Figure 12. Annual national agricultural emissions (left) and associated top 10 emitters (right) converted to CO2e for (a) UNFCCC, (b) FAOSTAT, (c) WRI-CAIT and (d) EDGAR GHG inventories. UNFCCC data and inventory compilation were obtained via the most recent country-reported National Communication (NC) submitted to the UNFCCC. Grey countries = no NC or data.” Source: (Dittmer, in review).
Figure 13. Cumulative emissions by country from the agriculture sector (1990- 2019) (data from FAOSTAT 2019).
Low-emission development in agriculture
Low-emission development (LED) in agriculture refers to the aim of improving economic, social, or environmental conditions in the production of crops or livestock while also contributing to climate change mitigation. Mitigation in this context is a co-benefit of agricultural production. Some refer to low-emission development as a decoupling of economic growth from GHG emissions growth or as climate-compatible development (GIZ 2013).
International development programs for agriculture often produce mitigation co-benefits, even without having a mitigation objective (Grewer et al. 2019, Costa Jr. et al. 2020, Richards et al. 2019)(Figure 14). Analysis of the mitigation impacts of agricultural investments of the US Agency for International Development (USAID), the UK Department for International Development (DfID) (now Foreign Common Wealth and Development Office), and the International Fund for Agricultural Development (IFAD) showed consistent net mitigation impacts across each of their portfolios.
A sample of DfID’s investments showed that even at the level of a single program, food value chains increased average crop productivity by 1.0 ton per hectare per year, but reduced net GHG emissions by as much as 5.5 tons of CO2e per hectare each year (cocoa agroforestry) compared to the start of the program. Cereals demonstrated smaller annual changes, averaging a reduction of 0.80 tons of CO2e per hectare annually. The findings assumed significant soil carbon sequestration and no conversion of high-carbon landscapes.
These analyses suggest that most development programs could be designed to further reduce emissions by 10-30% by increasing the efficiencies of inputs such as fertilizer and energy, reducing loss and waste, and offsetting emissions increases with agroforestry or forestry planting.
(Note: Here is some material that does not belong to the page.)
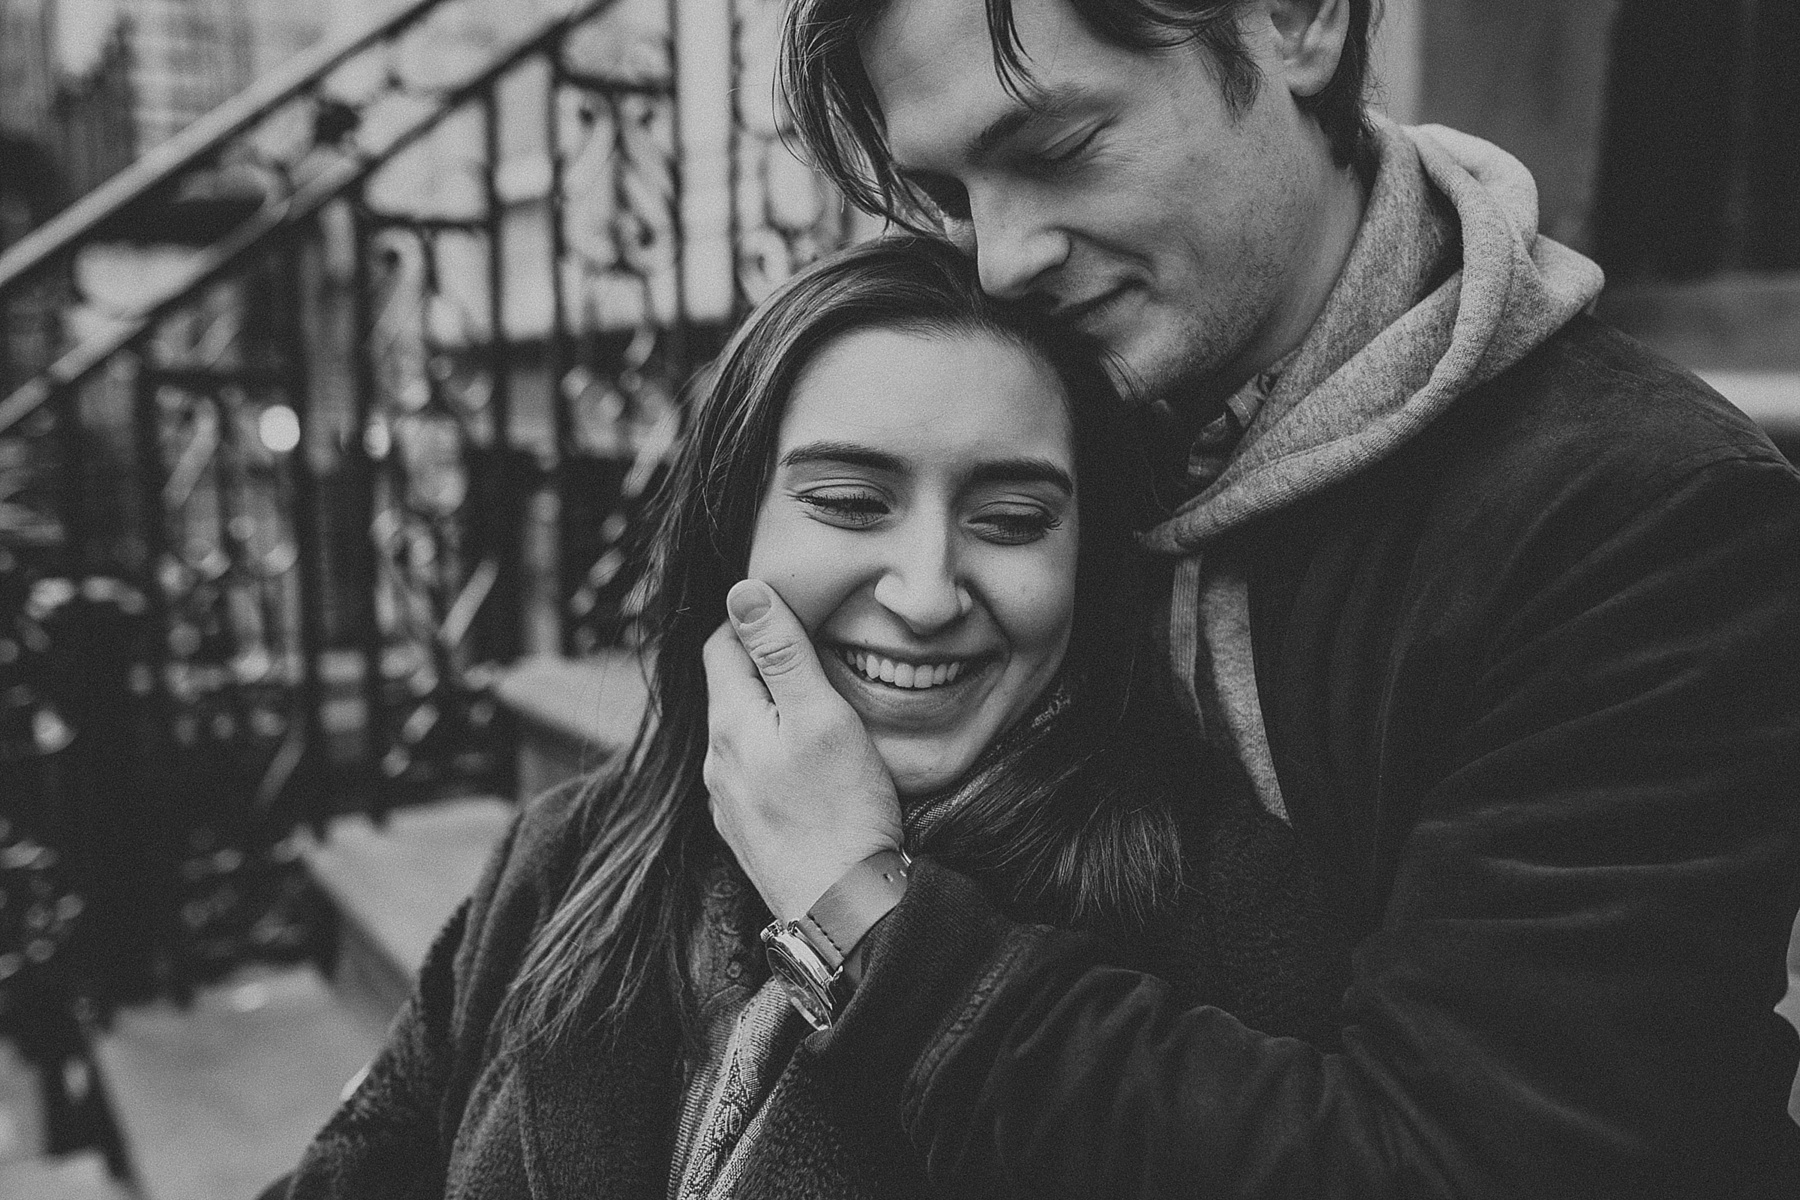 Engagement photos on New York City brownstone steps

The single most important practice is to avoid conversion of high carbon-stock lands such as forests, peatlands, or grasslands.
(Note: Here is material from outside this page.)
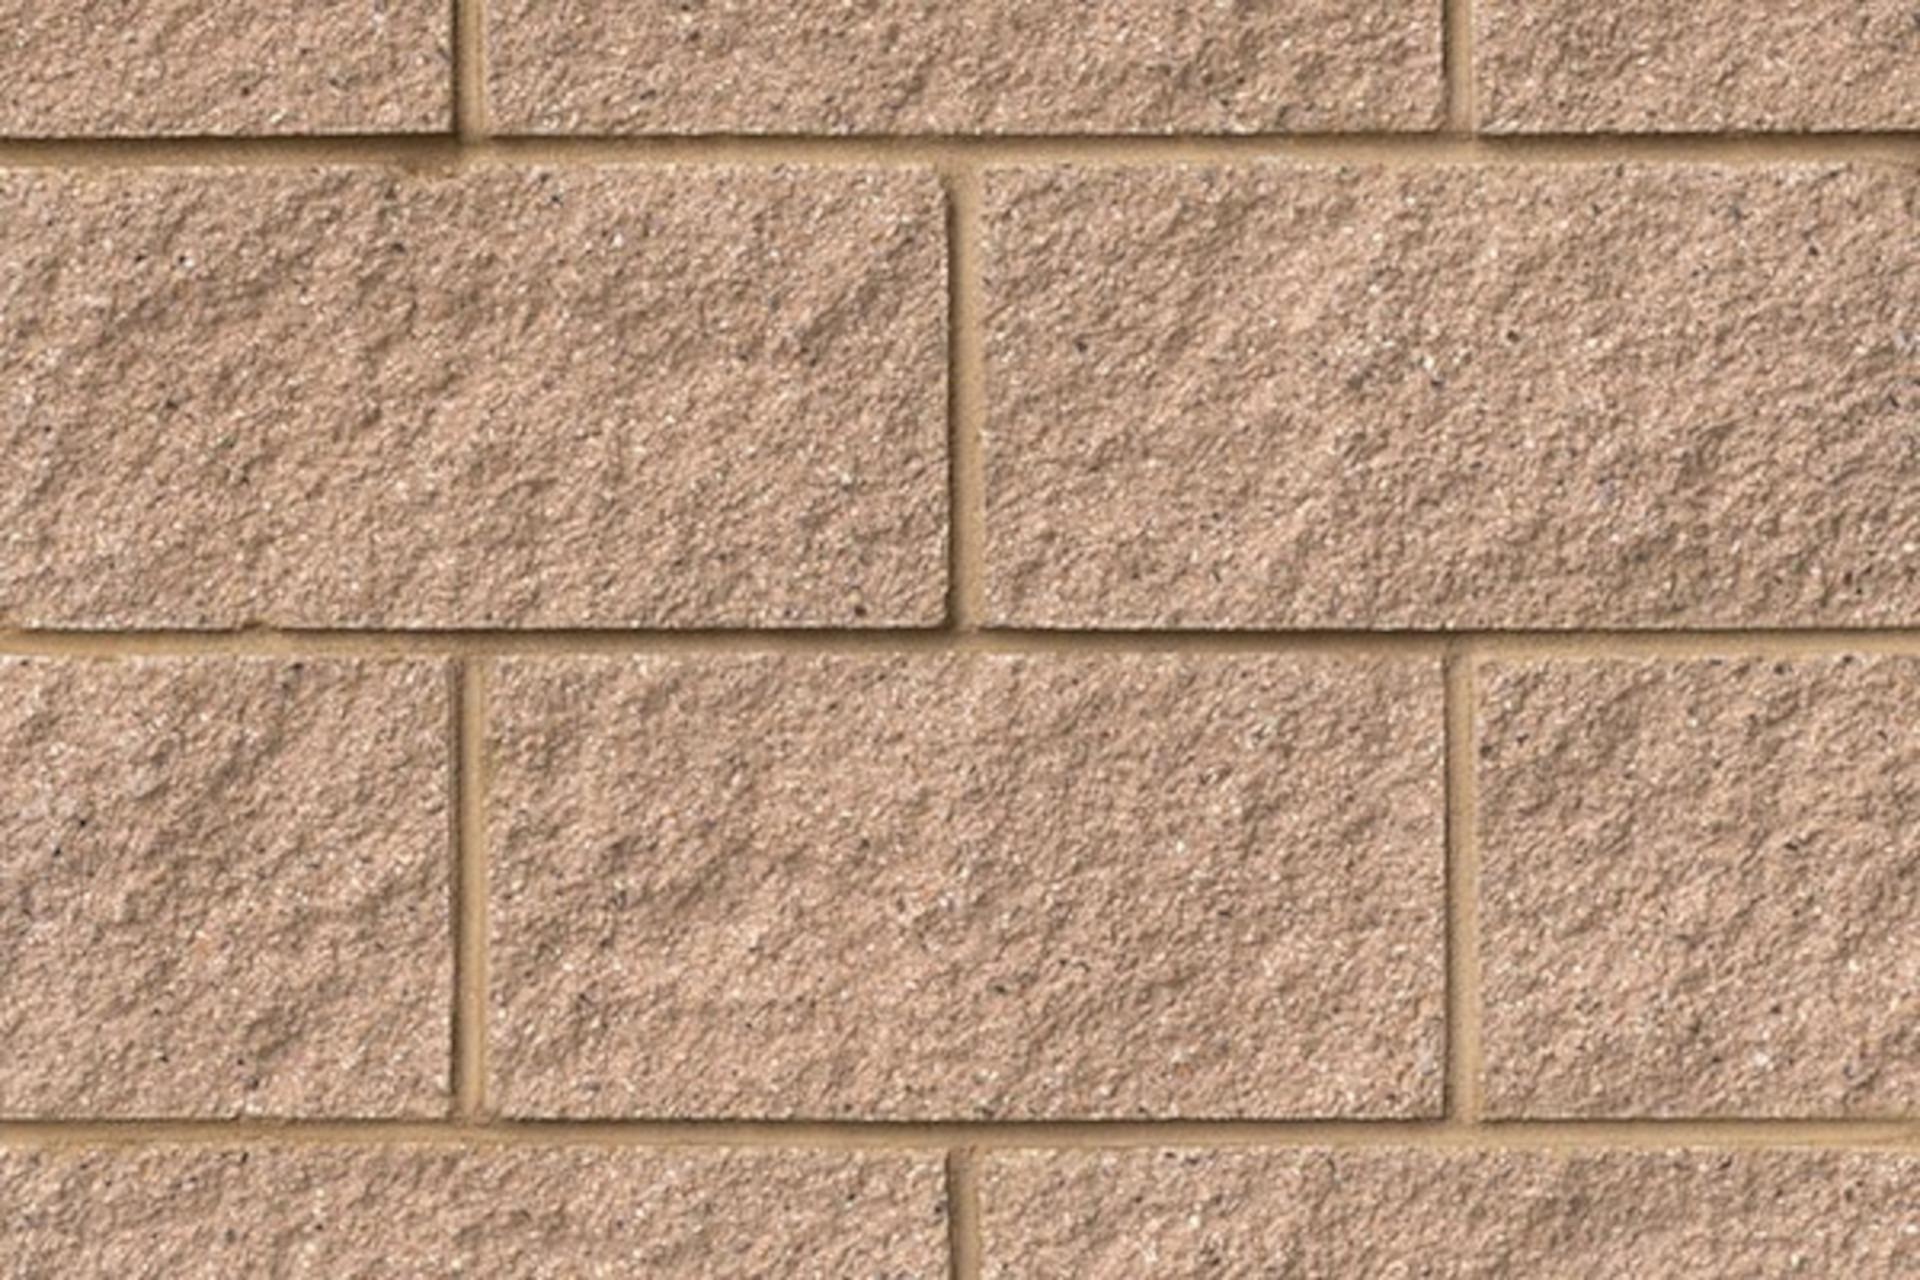 120 Brownwood Concrete Block

Multiple practices in one production system, such as managing rice straw residues in combination with alternate wetting and drying and avoiding the burning of residues in paddy rice, or changing the herd composition, silvopastoralism and improved feed for livestock enhance mitigation further. Comprehensive suites of mitigation practices on farms, across the landscape to avoid forest or peatland conversion, and along the supply chain generally significantly outperform single practices.
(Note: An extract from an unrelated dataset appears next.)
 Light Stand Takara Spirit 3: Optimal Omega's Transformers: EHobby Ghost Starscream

Methods for designing low-emissions programs should consider trends in agricultural and tree production that can create economic value for farmers as well as deliver significant mitigation (Nash et al. 2015). Impacts can be increased by including additional mitigation-linked incentives or payments, for example through the carbon market. Tree-based carbon credit projects (e.g. ECOTRUST in Uganda) generally generate more carbon credits and payments per hectare to farmers than the crop and grassland management carbon credits (e.g., Vi Agroforestry in Kenya) (Khatri-Chhetri et al. 2020). Almost 9,000 farmers working with Ecotrust generated 1.3 million carbon credits between 2010 and 2019, valued at USD 7.7 million (ECOTRUST 2019).
Figure 14. Mitigation potential of agricultural practices promoted by development programs. A) mitigation potential of climate-smart practices; B) the impact of major current and expected agricultural interventions and practices on GHG emissions and carbon sequestration, on an area and animal basis, supported by DfID’s program in countries in Africa and Asia. Source: (a) IFAD (Richards et. al. 2019); (b) DfID (Costa Jr. et al. 2020).